Ulrik Mikaelsson wrote:
The purpose of higher-level languages is to encourage "good" programming style and readability. Period. The syntax is crucial here, it determines which constructs will become readable, and which won't, which in turn determines the mind-set of the programmer. Which is why I consider syntactic sugar to be seriously under-appreciated and undervalued in many language decisions.
That's one way to put it. I view a programming language as a way to map the way humans think into the way the machine works. Orthogonal languages have a mathematical simplicity to them, but (as one quickly discovers when trying to implement a good user interface) people are just not orthogonal and do not think in an orthogonal matter. Good user interfaces tend to be enormously complex under the hood, all to create a "simple, intuitive" interface?

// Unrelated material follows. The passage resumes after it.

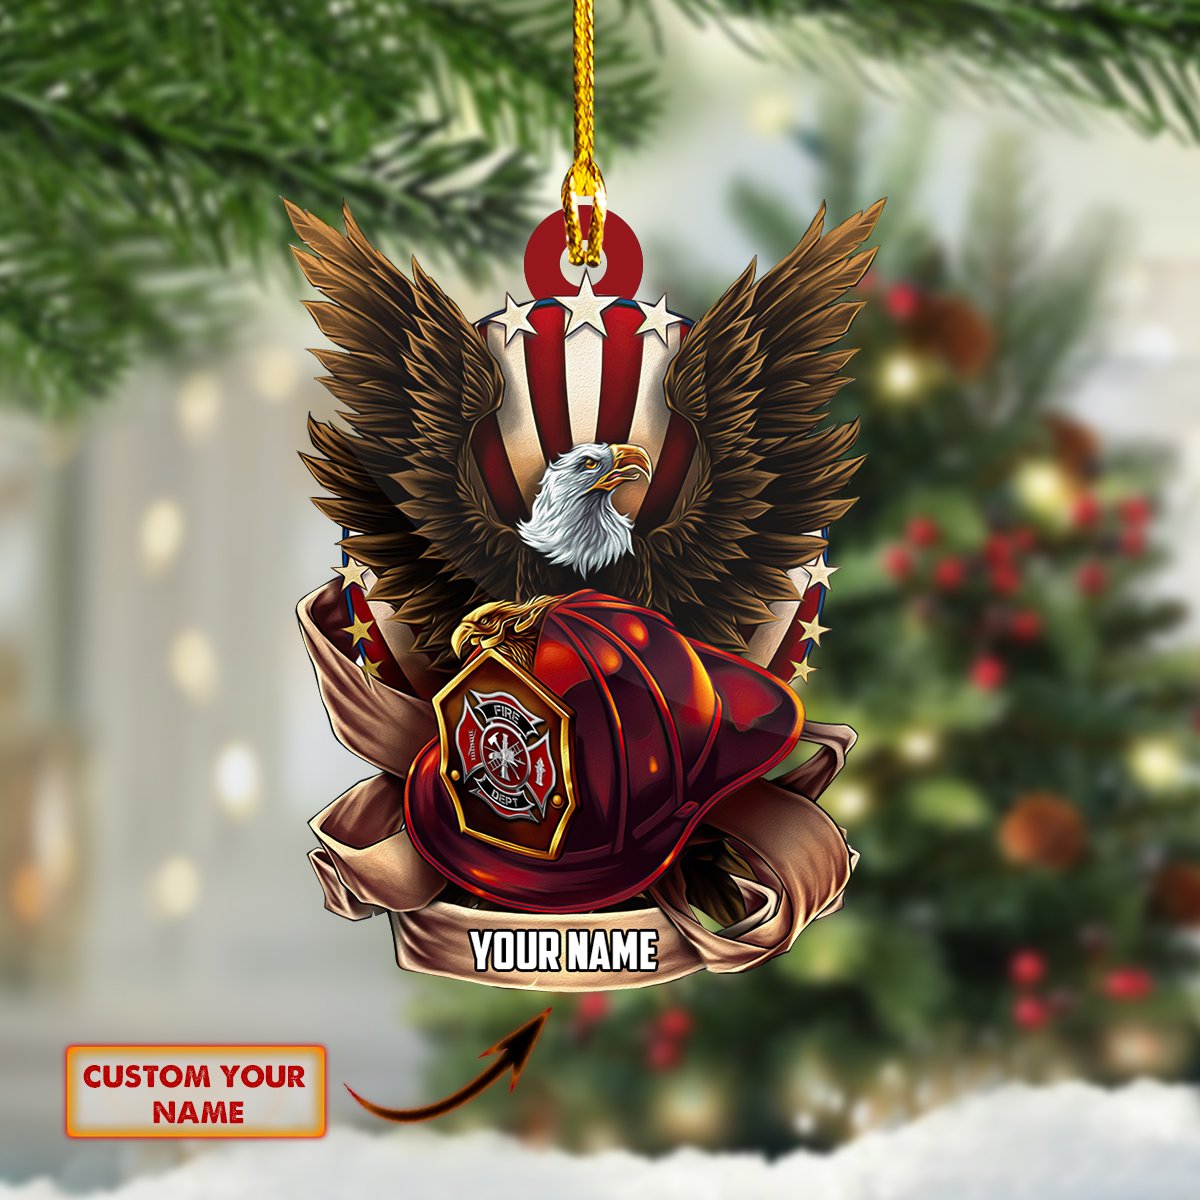 Firefighter Ornament - Red Eagle and Fireman Helmet Fireman Car Ornament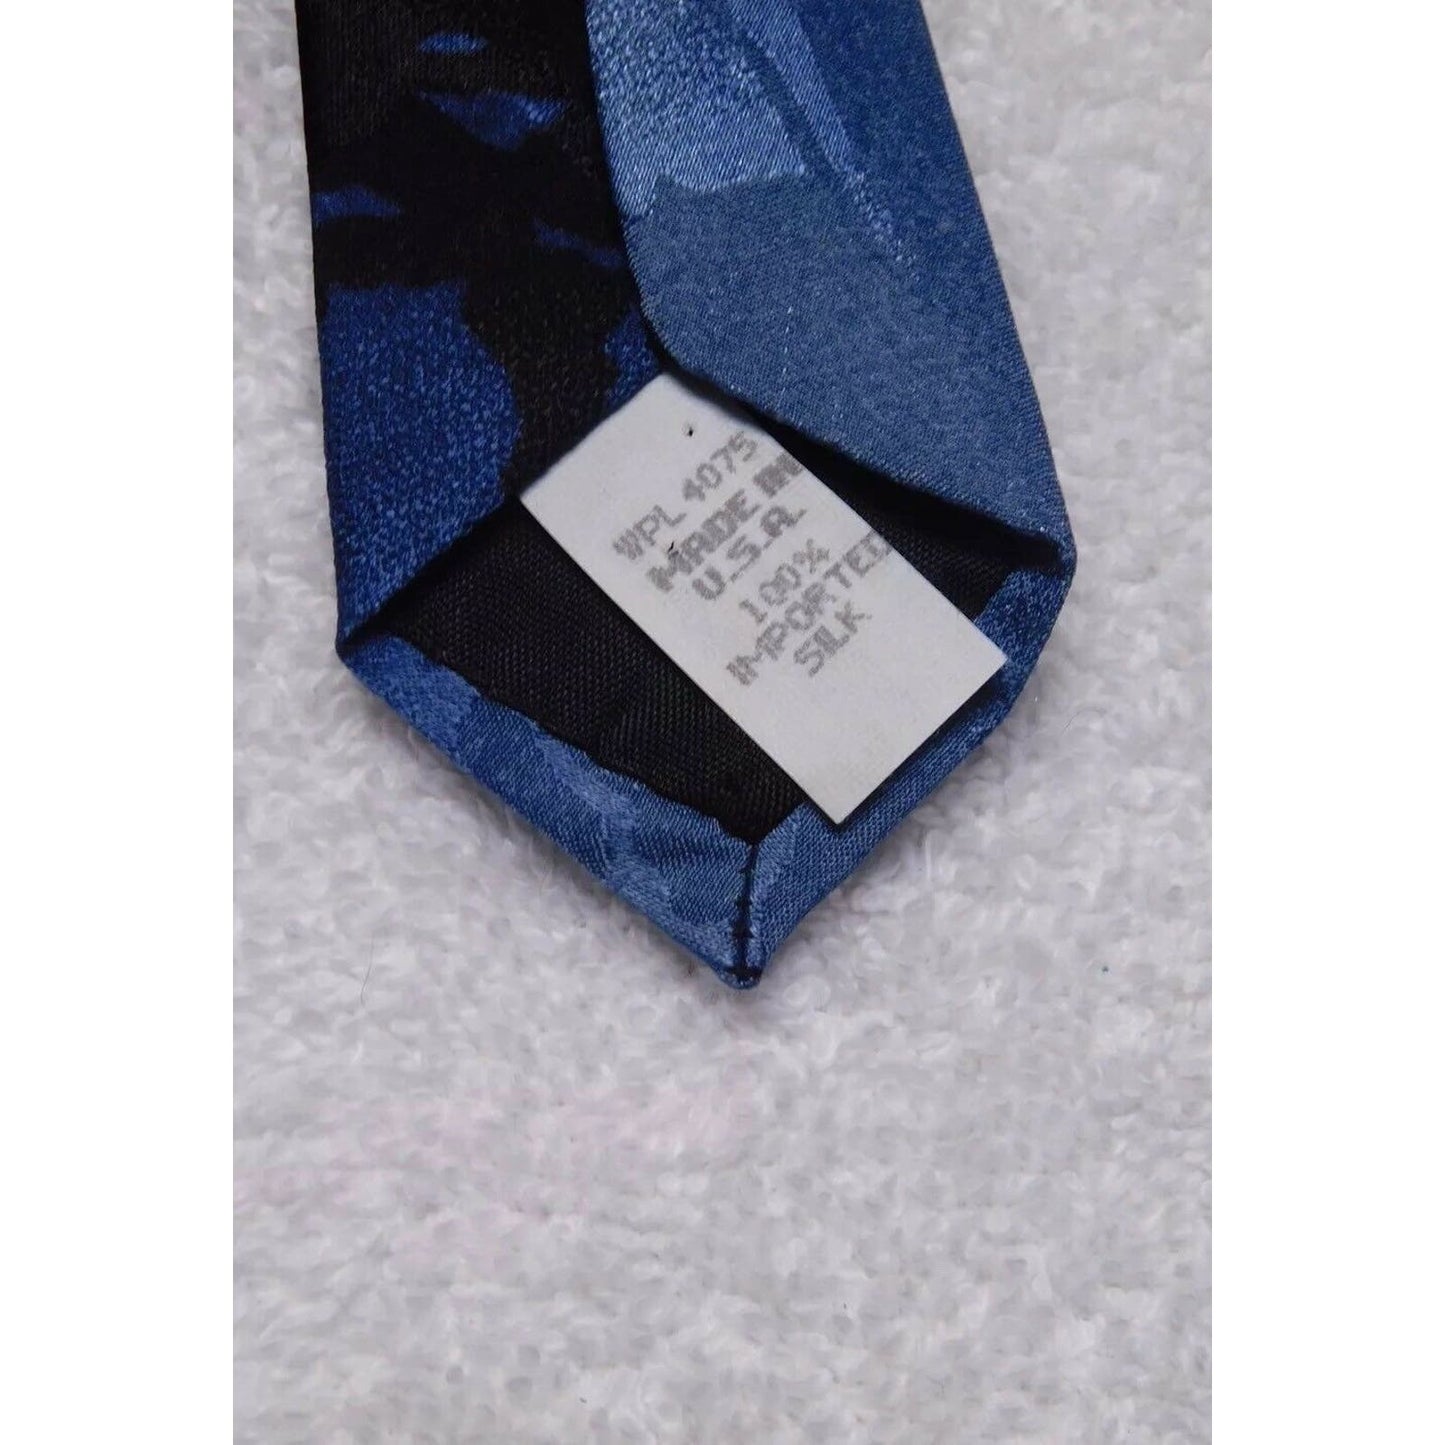 American Film Classics King Kong Vintage Novelty Men's Necktie Tie 100% Silk

For example, why have do-while loops, while loops, for loops and foreach loops? Only one is really needed in an orthogonal language. The multiple forms persist in language after language because they fit the idiosyncracies of how our brains think about coding.
As many of you know, I like to work on my cars. My emergency toolkit has just a small handful of simple tools, like a screwdriver. I can use a screwdriver as a screw driver, a hammer, a lever, a chisel, a punch, a scraper, a mixer, even a bus bar (to short across the starter relay). It's good enough at those things to get me home.
But when I'm home, I reach for a tool designed specifically for the purpose. That means I've got a lot of tools. Yup.
I kind of view the "complexity" of D that way. There are a lot of tools in it for specific jobs. Yes, I could get the job done with a screwdriver and monkey wrench, but it would be ugly. I can do lambdas and closures and virtual functions in vanilla C, too, it's just darned messy, unappealing, time consuming and far more likely to skin my knuckles.